=== Begin Enclosure ===

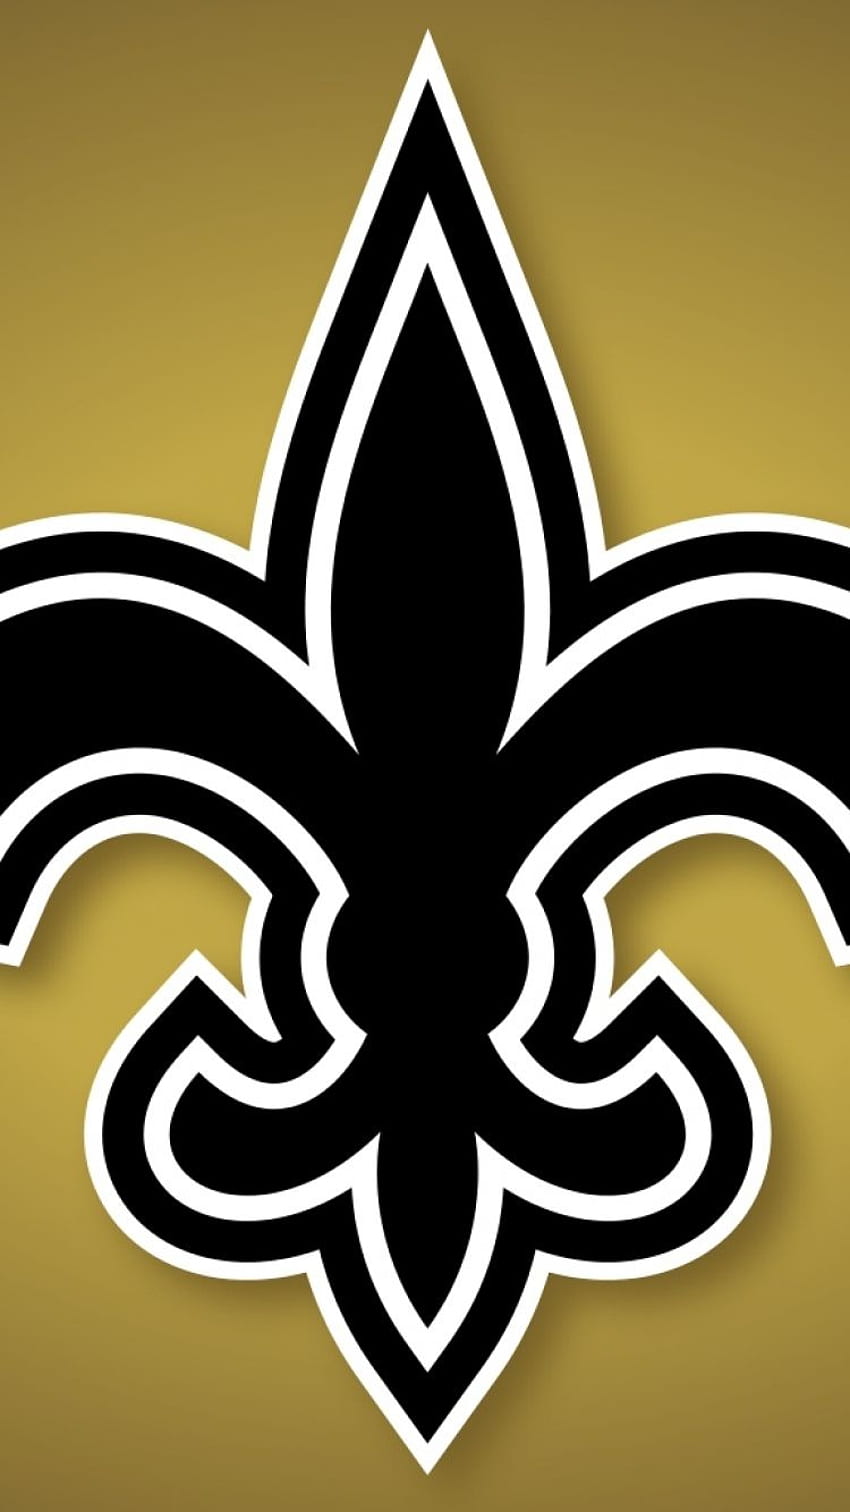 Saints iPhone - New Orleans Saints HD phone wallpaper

=== End Enclosure ===
=== Begin Enclosure ===

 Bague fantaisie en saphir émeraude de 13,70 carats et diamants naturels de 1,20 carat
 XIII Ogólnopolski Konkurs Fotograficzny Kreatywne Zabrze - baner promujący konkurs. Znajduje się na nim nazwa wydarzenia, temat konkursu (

=== End Enclosure ===
=== Begin Enclosure ===

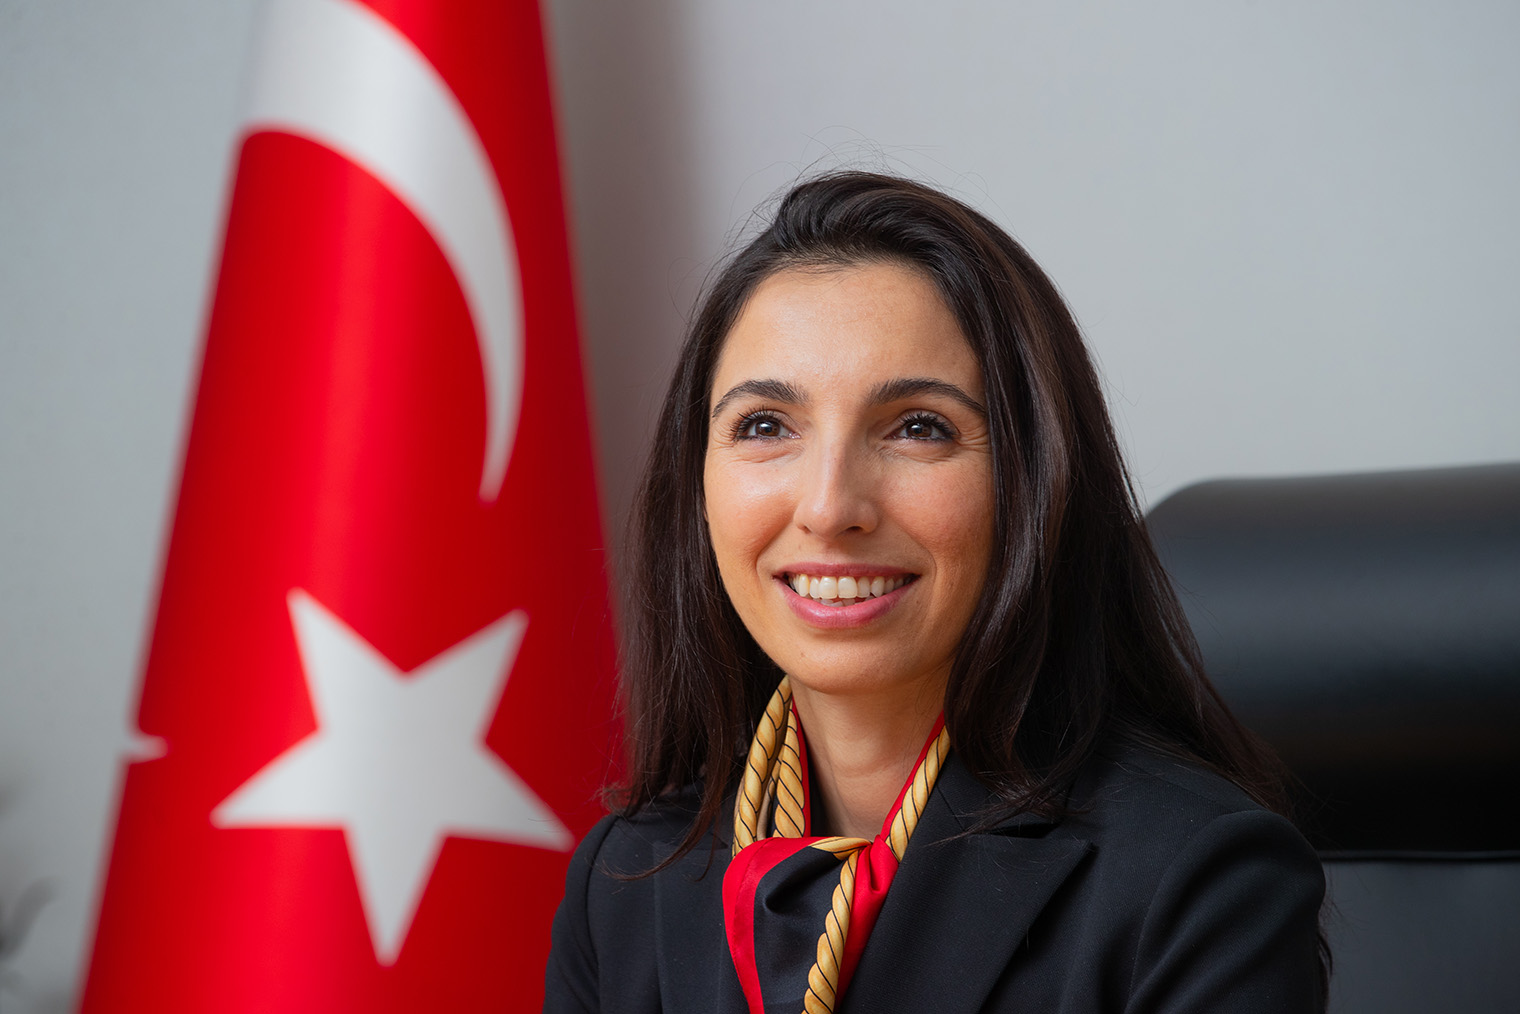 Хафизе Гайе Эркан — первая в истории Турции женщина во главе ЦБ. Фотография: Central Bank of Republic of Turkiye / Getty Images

=== End Enclosure ===

• **Directions for this task**
Everything above from the line with "Bague fantaisie en" to the line with "XIII Ogólnopolski Konkurs", both included, must be repeated exactly, and nothing outside that range.

• **Task answer**
 Bague fantaisie en saphir émeraude de 13,70 carats et diamants naturels de 1,20 carat
 XIII Ogólnopolski Konkurs Fotograficzny Kreatywne Zabrze - baner promujący konkurs. Znajduje się na nim nazwa wydarzenia, temat konkursu (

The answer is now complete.